Bununla birlikte kadınların bilim dünyasında karşılaştıkları zorlukların niteliğinde farklılıklar oldu. Kadınlar asırlar boyunca erkekten daha az zeki bir cins olarak görülmüştü. Bilimde öncülük yapan kadınlar başarılarıyla ve eserleriyle bu önyargıyı yıktılar. Fakat kadını sadece sosyal bakımdan erkeğine destek olması gereken bir figür olarak gören zihniyet varlığını hâlâ güçlü bir biçimde sürdürmektedir. Bu nedenle bu sorunda nihai zaferi belirleyecek olan şey artık siyasi ve toplumsal bakımdan eşitlik mücadelesidir.

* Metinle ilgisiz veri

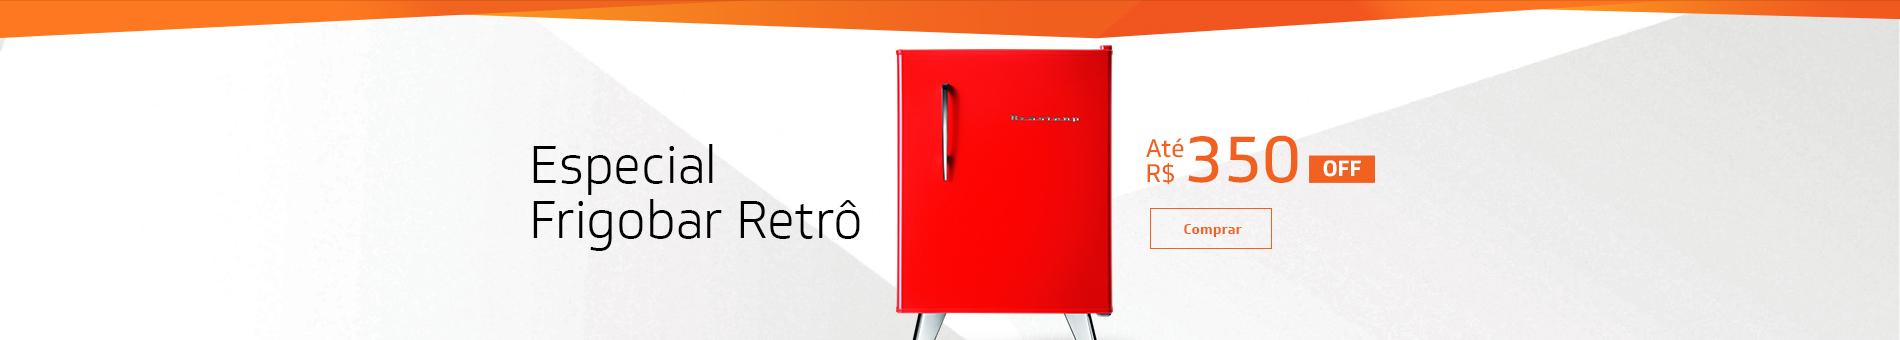 Promoção Interna - 374 - festivalrefri_frigobar_home_2052016 - frigobar - 5

Kadın bilimcilerin kendi entelektüel kapasitelerinin erkeklerinkinden aşağı olmadığını ispat etmeleri kadınların özgürlük ve eşitlik mücadelelerindeki en büyük başarıyı sağlamıştır. Çünkü bu gerçeğin ispatlanması sadece kadınların kendilerine olan güvenlerini perçinleyerek siyasi toplumsal ve eğitim mücadelelerini güçlendirmekle kalmadı kadınları ikinci derecede bir cins olarak gören egemen kültürel bakışı da önemli ölçüde zayıflattı. Kadınların soyut düşünebilme kapasitelerini küçümseyen erkeklere bilim tarihinin verdiği yanıt da çok ironik oldu: Atom çağını iki kadın başlattı; Marie Curie ve Lise Meitner.
Bu kitap kadınların hem kendilerini hem de böylece toplumlarını bilim yoluyla özgürleştirme mücadelelerinden önemli bir tarihsel kesit sunmaktadır.